## [Dataset content]
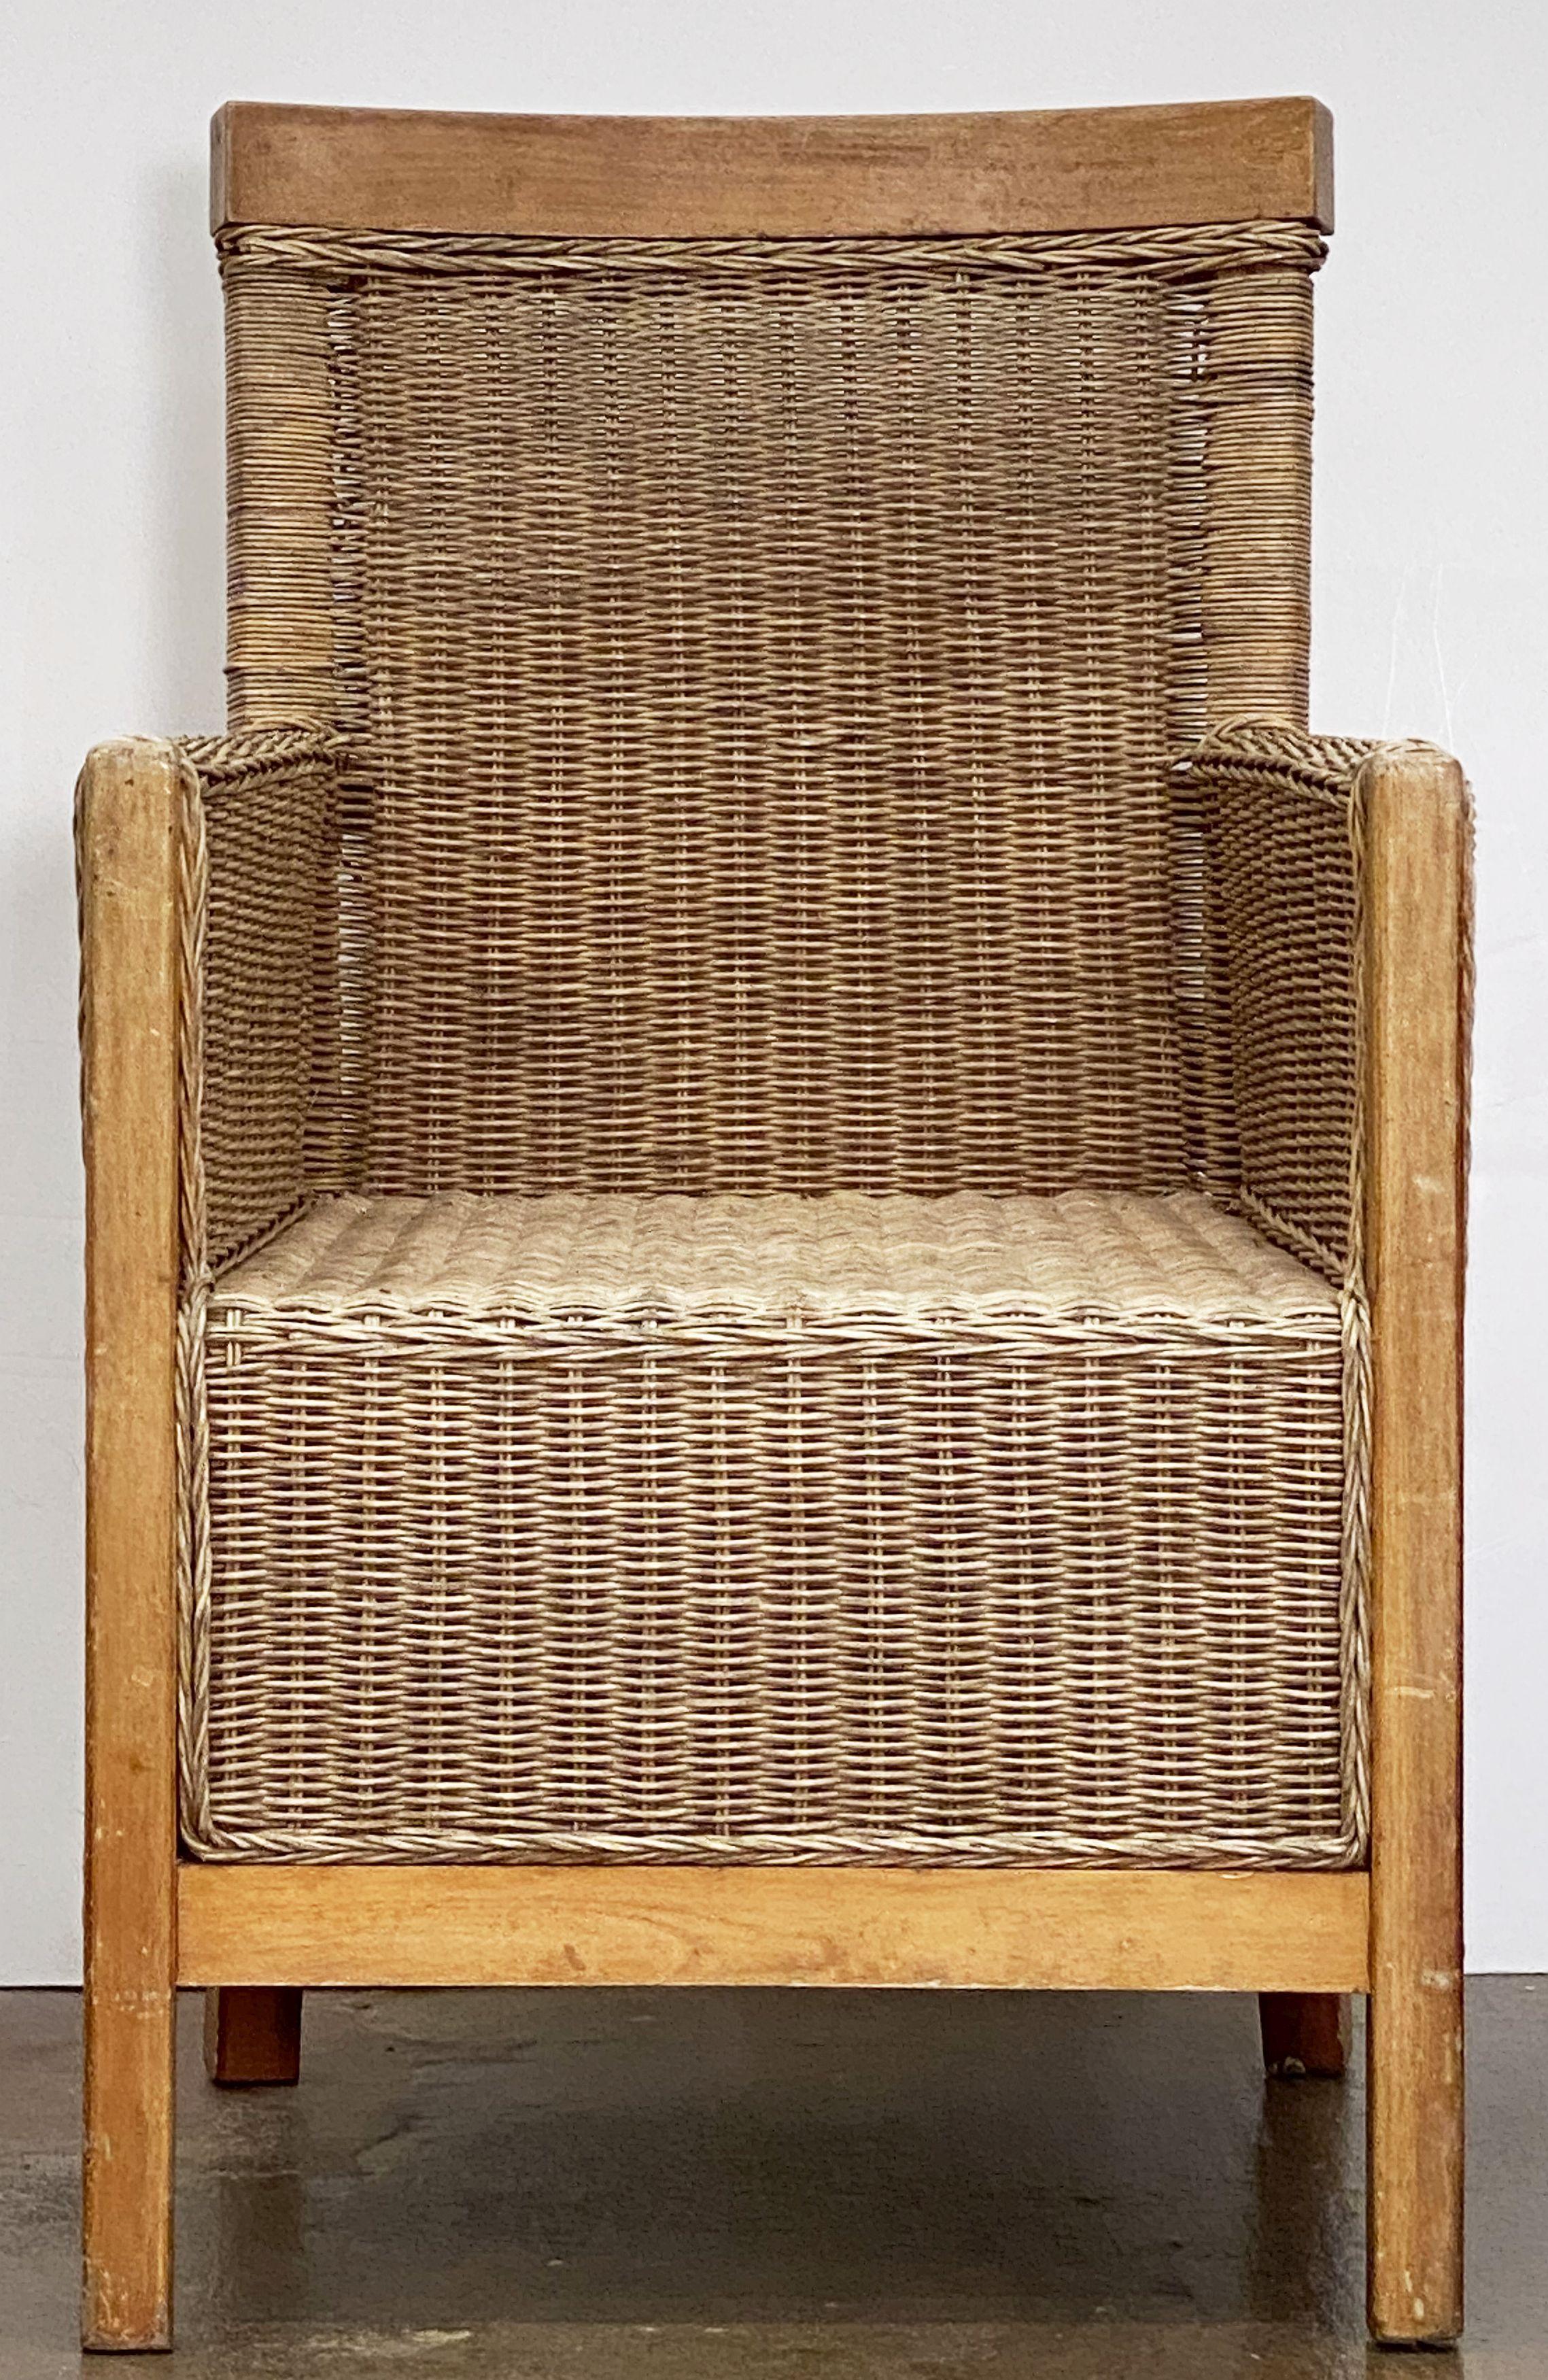 A fine large French armchair or lounge chair of woven wicker cane and beechwood featuring a comfortable back and seat and a sturdy modern design.

Two available.
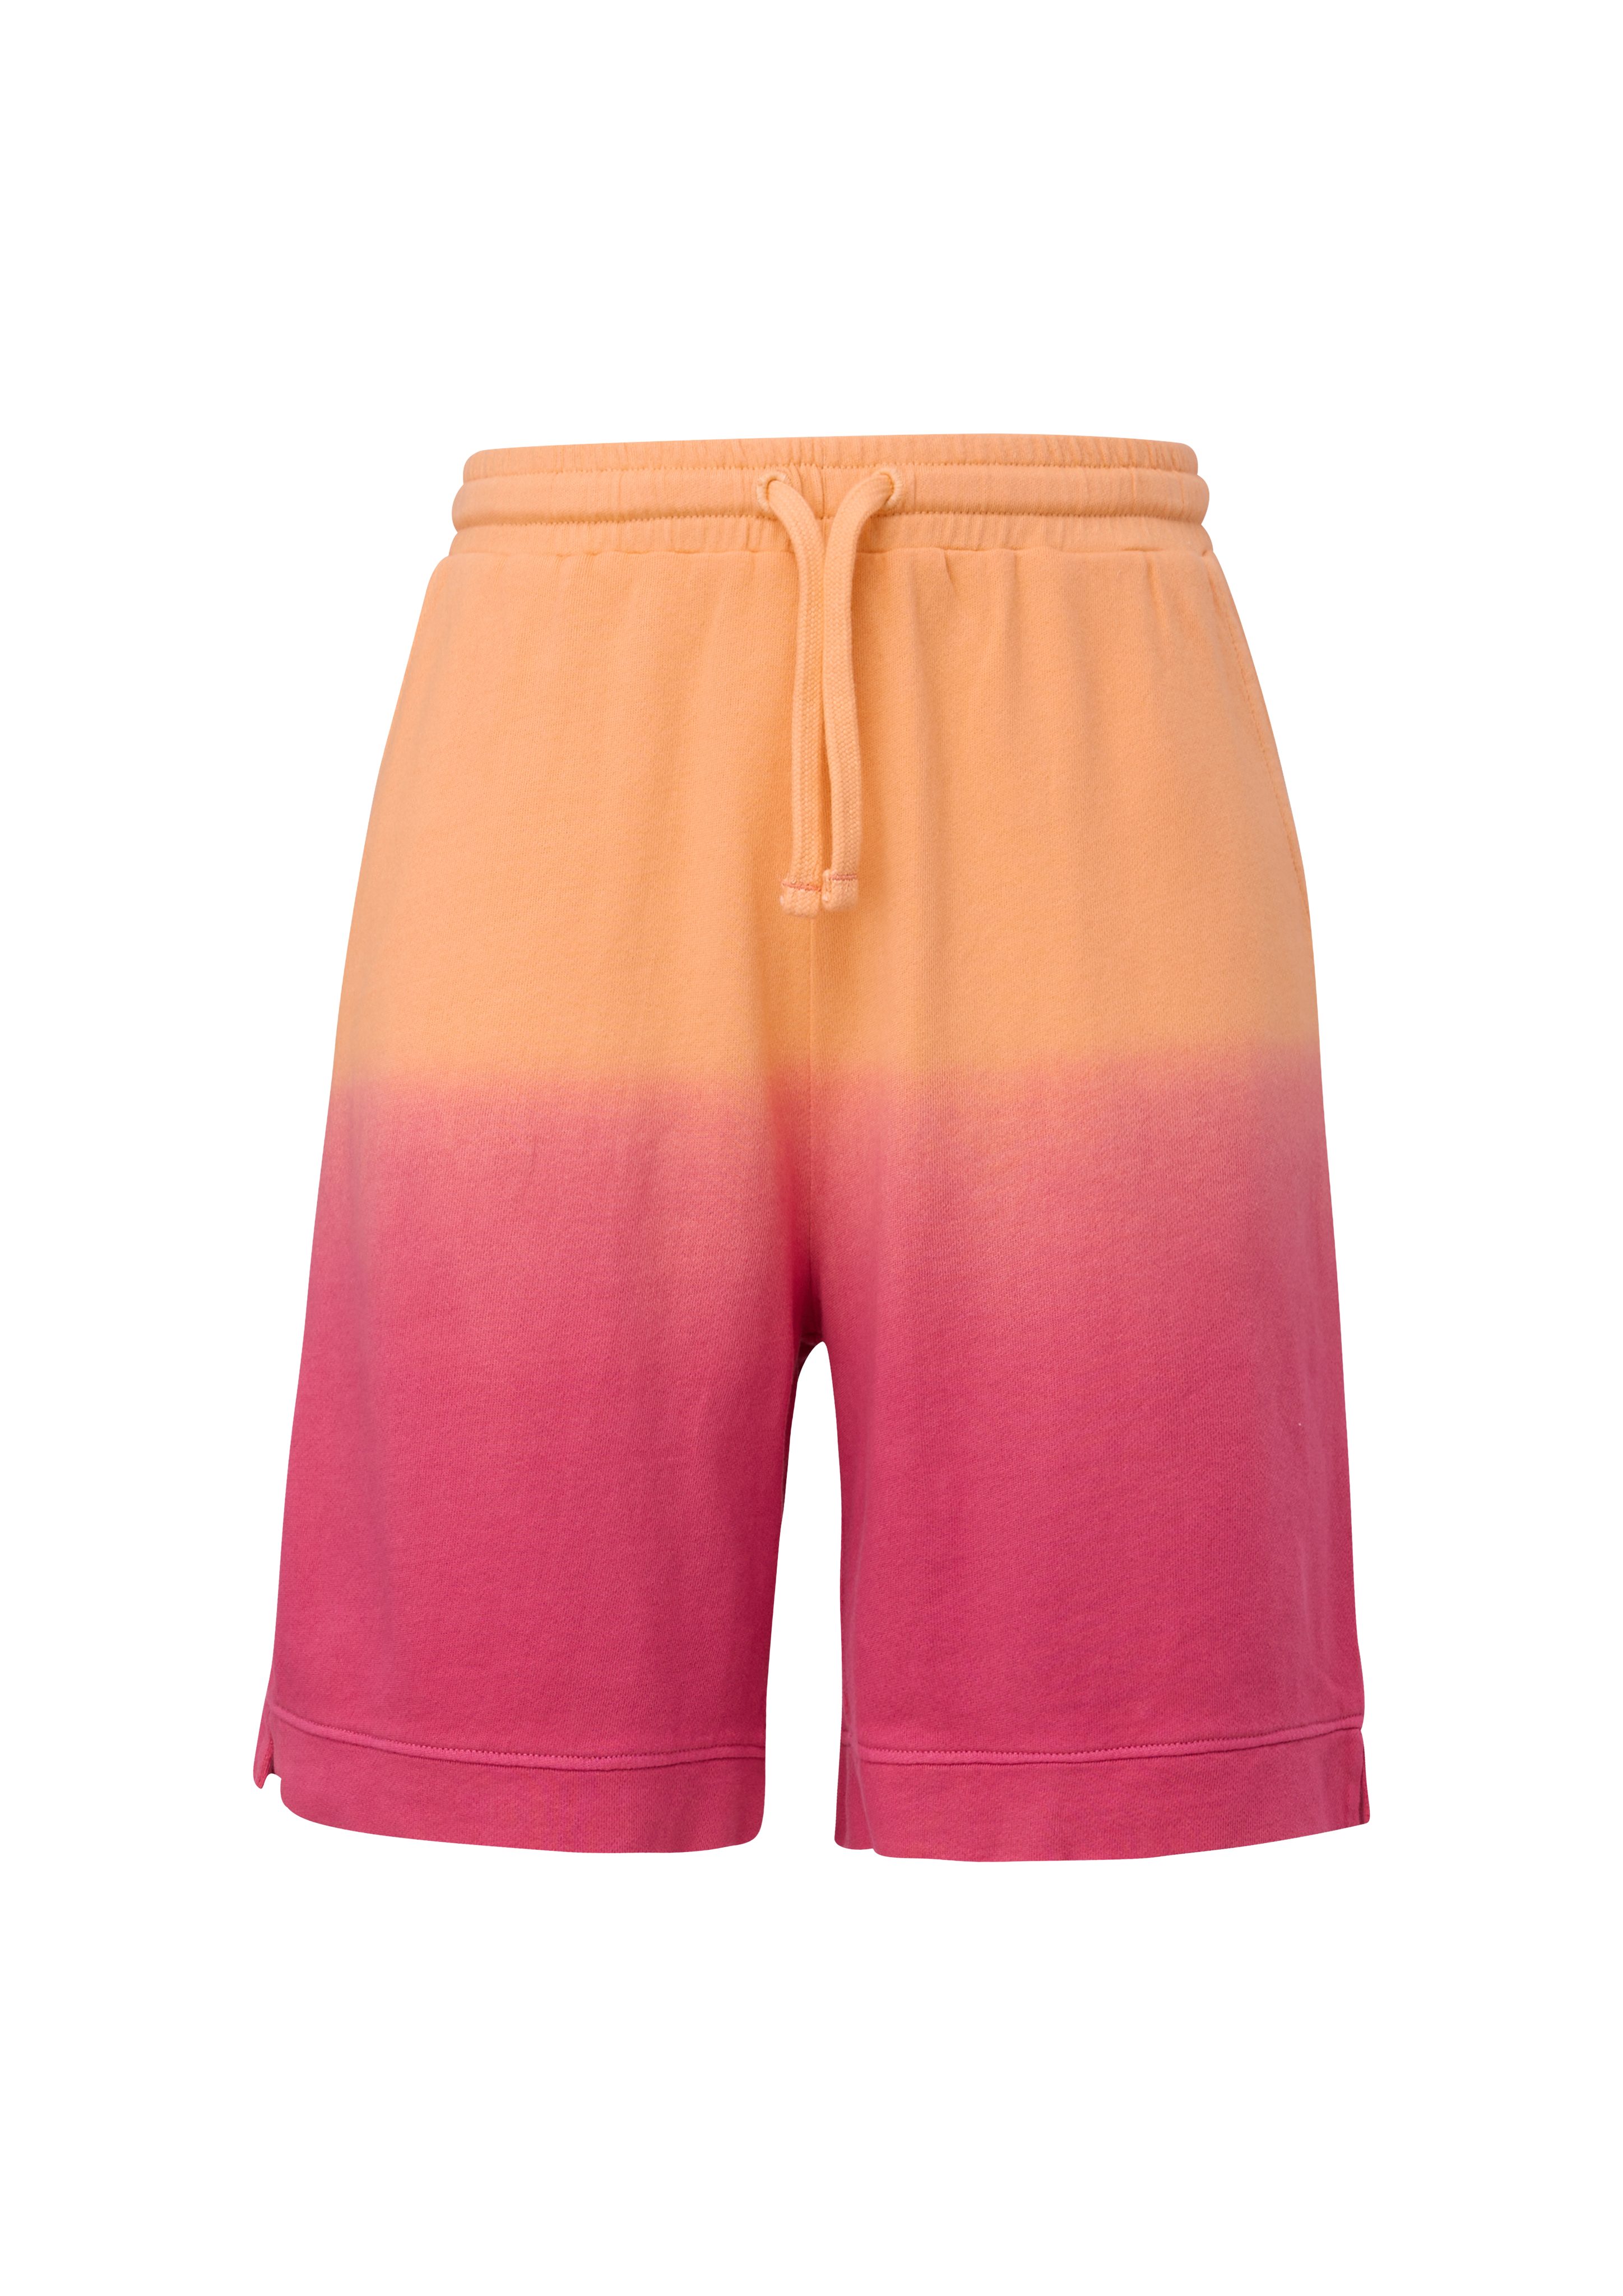 Smiley®-Print pink mit Relaxed: Shorts Sweatshorts s.Oliver
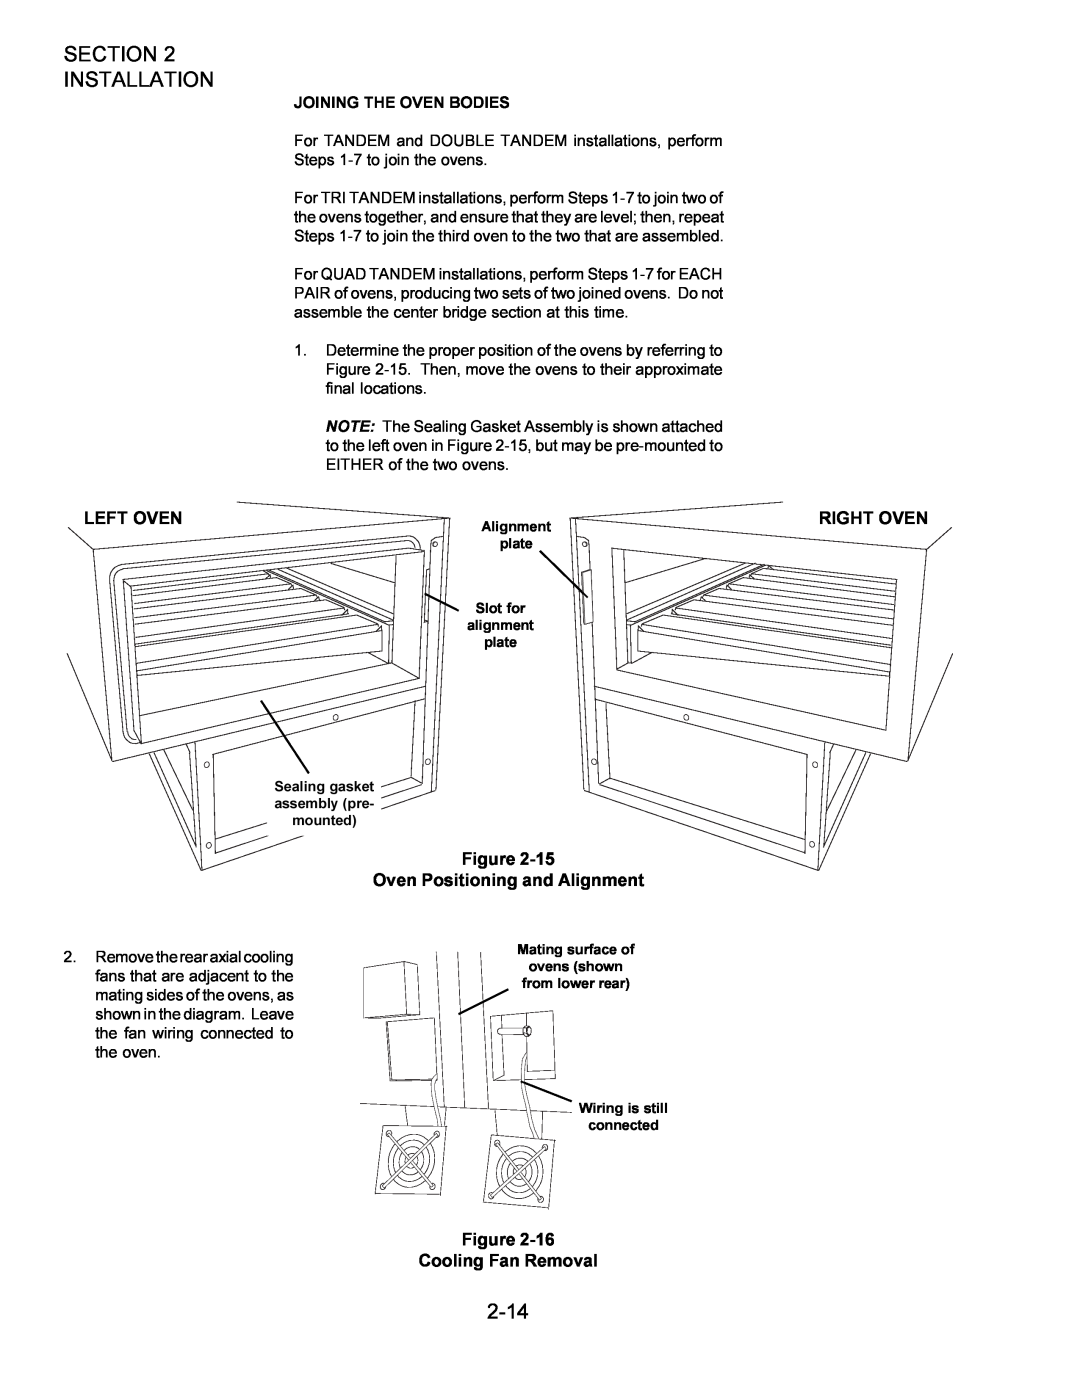 Middleby Marshall owner manual 2-14, Left Oven, Right Oven, Oven Positioning and Alignment, Cooling Fan Removal

## [Work order]
Repeat only the lines from the one holding "Two available." through the last line of the data, inclusive. Keep the pictures out.

## [Task solution]
Two available.
 Smiley®-Print pink mit Relaxed: Shorts Sweatshorts s.Oliver
 Middleby Marshall owner manual 2-14, Left Oven, Right Oven, Oven Positioning and Alignment, Cooling Fan Removal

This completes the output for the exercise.